Connor looked revolted. "Oh, that was awful. That song didn't go away until secondary. Fran Thompkins chased the boys she liked all around the schoolyard singing that. God that was horrible."
Stephen asked curiously, "She chase you any?"
Connor's laugh was a little bitter. "No. I was the weird kid who liked dinosaurs long after they stopped being cool. The one on school trips to the museum who'd correct the tour guide's pronounciation."
"Still, must be nice to have known all along what you wanted," Stephen said. "I didn't figure anything out until I was in the summer after my second year at university. I had to make up a science credit and there was a paleontological expedition involved in the course. Getting to be outside and away from classrooms for it decided me as far as taking the course went." He smiled a little, remembering. "Watching Cutter point out where the bones were and how it was all put together got me interested. I changed my area of focus and did whatever I could to be qualified to go into the field."
"How'd you get from university to being the Mighty Hunter?" Connor asked, a bit of mischief in his voice.

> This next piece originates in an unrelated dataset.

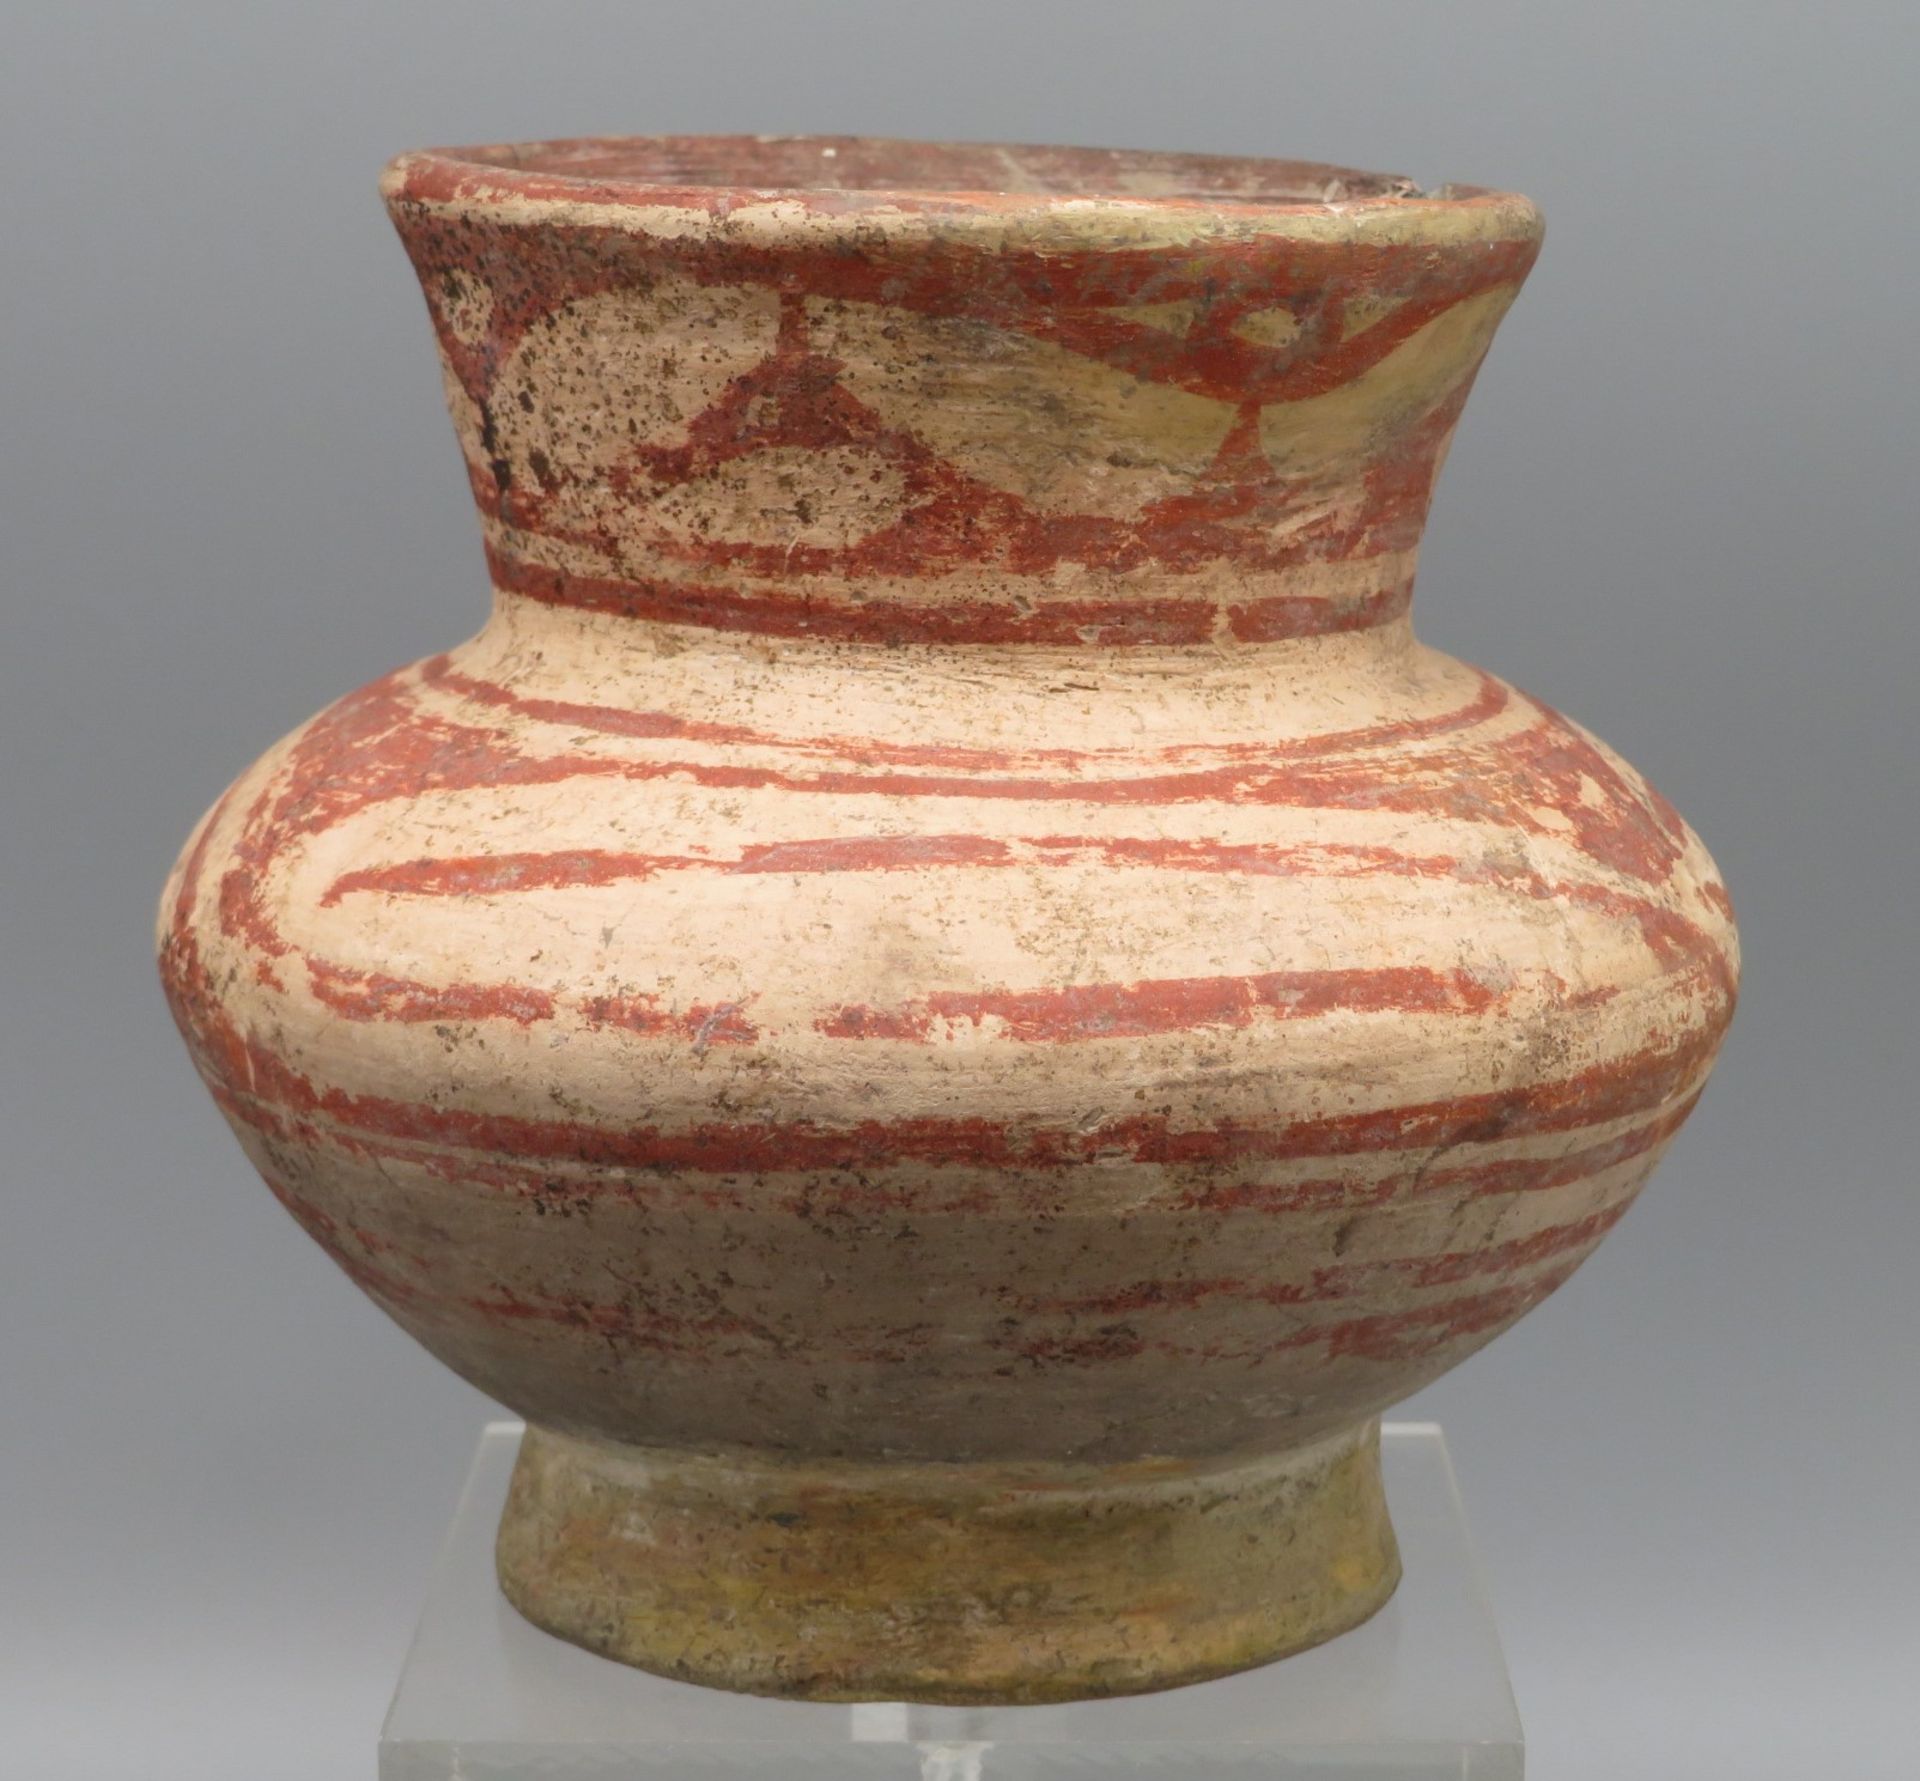 Bauchiges Gefäß, Thailand, Ban Chiang, antik, Keramik mit eisenroter Bemalung, im Brand orange-rot  - Bild 2 aus 3

"Being pretty stupid. I spent a gap year in America learning to hunt somewhere there was still wilderness. It's where I learned how to use a machine gun."
Connor's mouth opened for a moment, then closed. He looked defeated again all of a sudden. "I should have something to say to that," he said sadly. "But . . . it's not there." He swallowed, his eyes losing their focus a moment. "I'm happy I'm not dead, really I am. But I can't . . . I feel so stupid!"
"Don't say that," Stephen snapped. Connor's turn to despair had him frightened. There was just something in the way Connor looked, so bereft, that made something in his chest clench. "You are not stupid. You've merely been downgraded from genius to extremely smart."
"It's not good enough," Connor told him. "It's not enough. I can't work on anything for Cutter or that ARC like this, and I don't just mean my hands." He gestured with the heavily bandaged appendages. "If I tried to build the ADD now it would take me months. We don't have that kind of time. I need to finish those calculations for Cutter, and I can't even follow my own maths." He gestured at the laptop on the table next to him.
Stephen didn't even pause to think as he pulled Connor into his arms, holding the younger man as he broke down.